4

When using file.write() with 'wb' flag does Python use big or litte endian, or sys.byteorder value ? how can i be sure that the endianness is not random, I am asking because I am mixing ASCII and binary data in the same file and for the binary data i use struct.pack() and force it to little endian, but I am not sure what happen to the ASCII data !

Edit 1: since the downvote, I'll explain more my question !

I am writing a file with ASCII and binary data, in a x86 PC, the file will be sent over the network to another computer witch is not x86, a PowerPC, witch is on Big-endian, how can I be sure that the data will be the same when parsed with the PowerPC ?

Edit 2: still using Python 2.7

e-nouri
  • 2,576
  • 1
  • 21
  • 36
  • Not really, I saw that question and he asks about the ASCII data, In my case, I am using 2 format, ASCII and binary, for the ASCII I don't use any packing with struct, for the binary data, I know the endianness since I force it to little. – e-nouri May 23 '14 at 14:14
  • I don't see how so-called ASCII data which is just ISO-8859-1 is any different from anything else you are writing to the file. – James Mills May 23 '14 at 14:16
  • Thanks, so how can I force it to little, because the files I am dealing with are created on an x86 machine and the other program is running on a Power PC – e-nouri May 23 '14 at 14:19
  • I said this in my answer, but... ASCII is a single byte encoding, there is no endianness to it. – woot May 23 '14 at 14:55

3 Answers3

6

For multibyte data, It follows the architecture of the machine by default. If you need it to work cross-platform, then you'll want to force it.

ASCII and UTF-8 are encoded as a single byte per character, so is it affected by the byte ordering? No.

Here is how to pack little < or big > endian:

import struct

struct.pack('<L', 1234)
'\xd2\x04\x00\x00'

struct.pack('>L', 1234)
'\x00\x00\x04\xd2'

You can also encode strings as big or little endian this way if you are using UTF-16, as an example:

s.encode('utf-16LE')
s.encode('utf-16BE')

UTF-8, ASCII do not have endianness since it is 1 byte per character.

woot
  • 7,406
  • 2
  • 36
  • 55
  • That is my question mate, so how can I force it to little, because the files I am dealing with are created on an x86 machine and the other program is running on a Power PC ! – e-nouri May 23 '14 at 14:19
  • Could you give an example of "multibyte data"? I suspect that you're assuming a language other than Python. –  May 23 '14 at 14:24
  • 1
    Perhaps not the right term for it, then.
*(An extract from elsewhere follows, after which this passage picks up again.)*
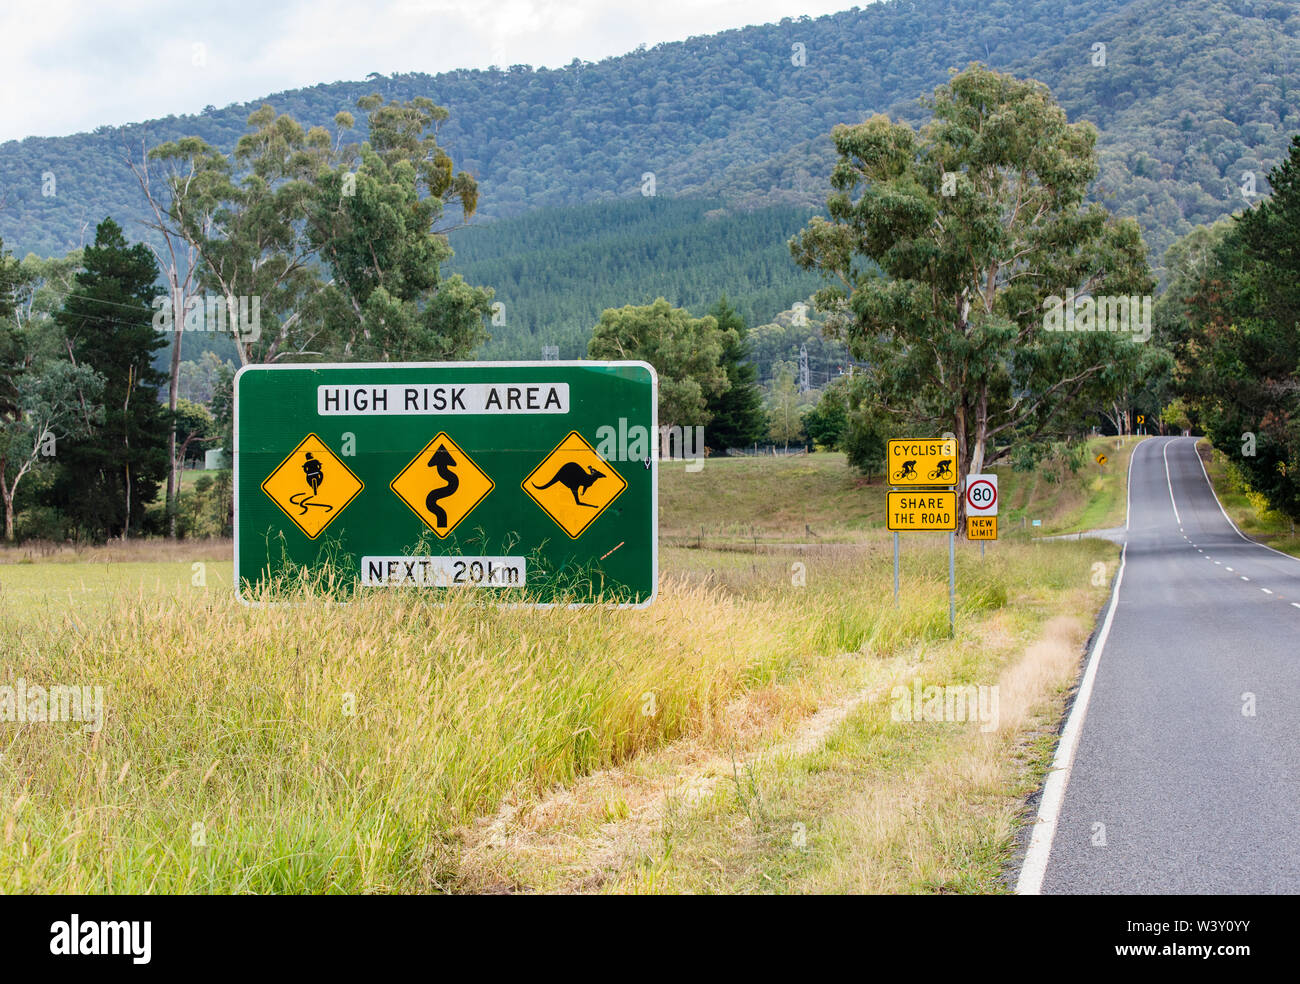 Variété de panneaux routiers australiens y compris zone à haut risque, les cyclistes partagent la route et nouvelle limite de vitesse sur route en haut pays Australie Victoria Banque D'Images
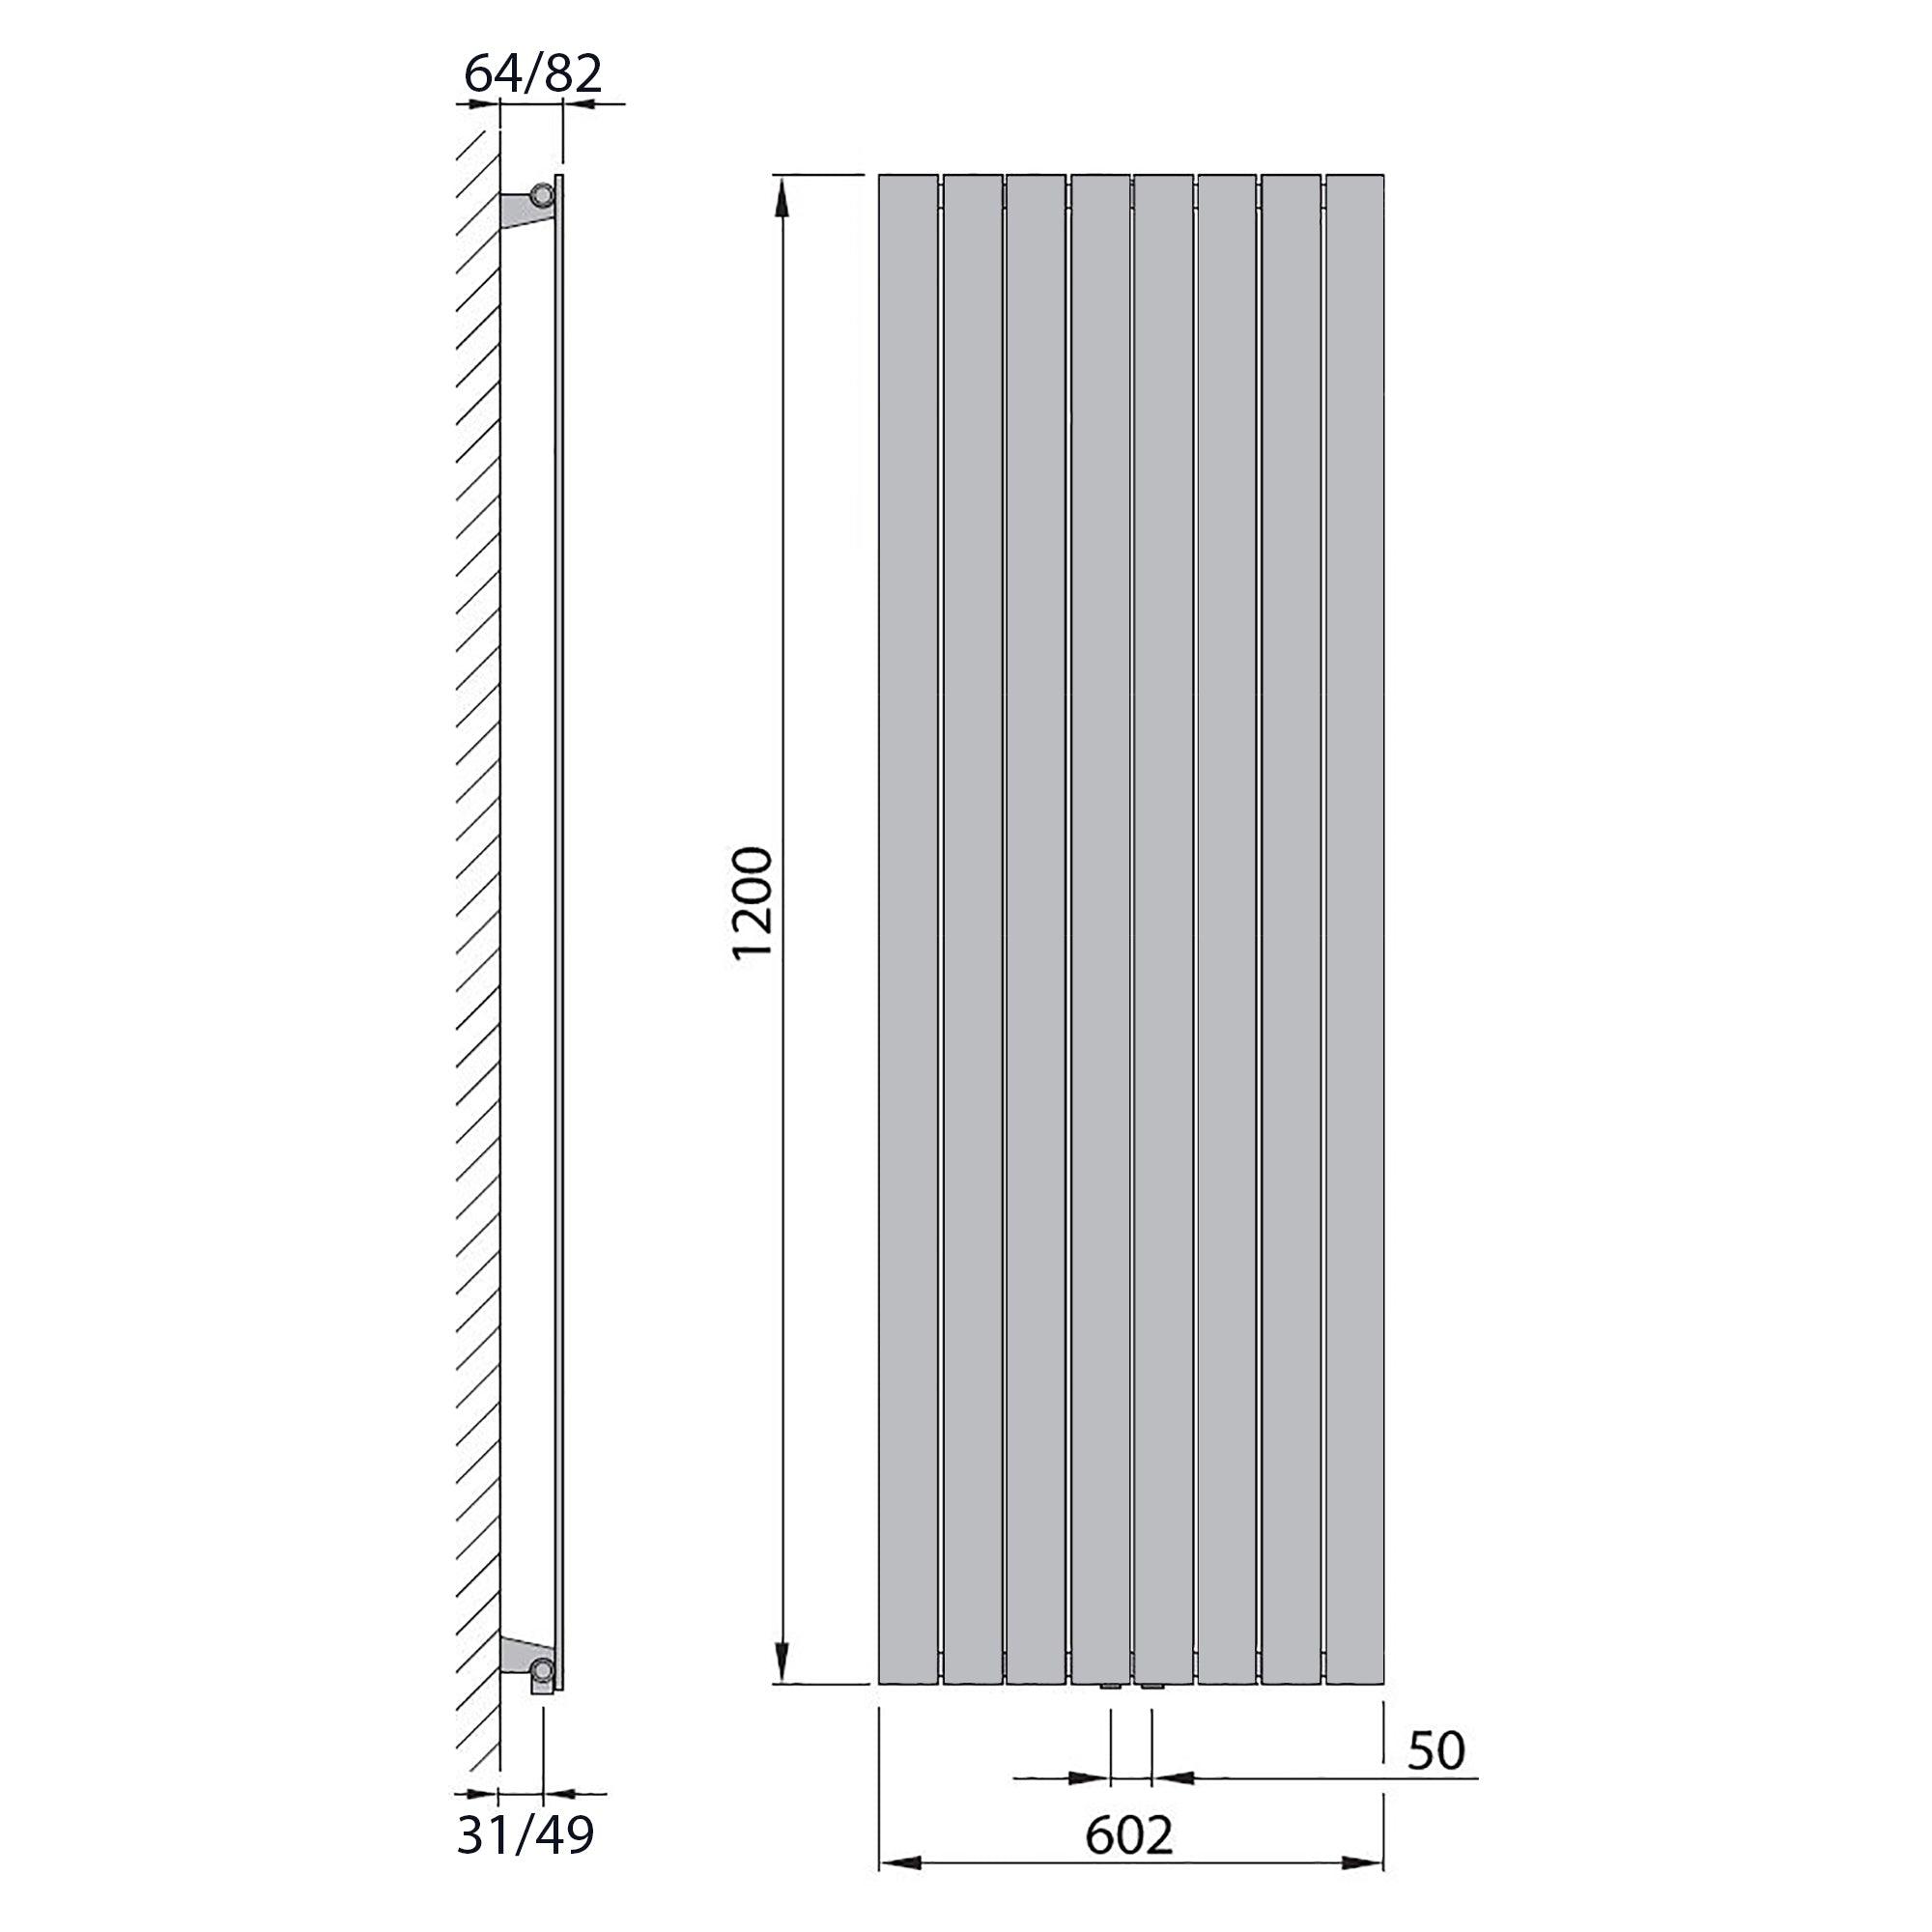 Design Paneelheizkörper vertikal 1200 x 602 weiß Heizkörper Badheizkörper flach Badezimmer Heizung technische Zeichnung - heizkoerper.shop

ASCII is stored in a single byte per character. UTF-16 is multibyte, as an example. – woot May 23 '14 at 14:38
  • Thank you, now it make sense, I should only care about the binary data endianness, since it is not a single byte coded data (2 and 4 bytes) – e-nouri May 23 '14 at 15:01
  • Well you care about anything that uses more than 1 byte. So a byte, ASCII and UTF-8 encoded strings are fine (1 byte per character). UTF-16+, 16-bit, 32-bit, 64-bit numbers needed proper packing. – woot May 23 '14 at 15:03
3

It uses sys.byteorder. So just:

import sys

if 'little' == sys.byteorder:
     # little
 else:
     # big
cchristelis
  • 1,985
  • 1
  • 13
  • 17
2

Note: I assume Python 3.

Endianness is not a concern when writing ASCII or byte strings. The order of the bytes is already set by the order in which those bytes occur in the ASCII/byte string. Endianness is a property of encodings that maps some value (e.g. a 16 bit integer or a Unicode code point) to several bytes. By the time you have a byte string, the endianness has already been decided and applied (by the source of the byte string).

If you were to write unicode strings to file not opened with b mode, the question depends on how those strings are encoded (they are necessarily encoded, because the file system only accept bytes). The encoding in turn depends on the file, and possibly on the locale or environment variables (e.g. for the default sys.stdout). When this causes problems, the problems extend beyond just endianness. However, your file is binary, so you can't write unicode directly anyway, you have to explicitly encode and decode. Do this with any fixed encoding and there won't be endianness issues, as an encoding's endianness is fixed and part of the definition of the encoding.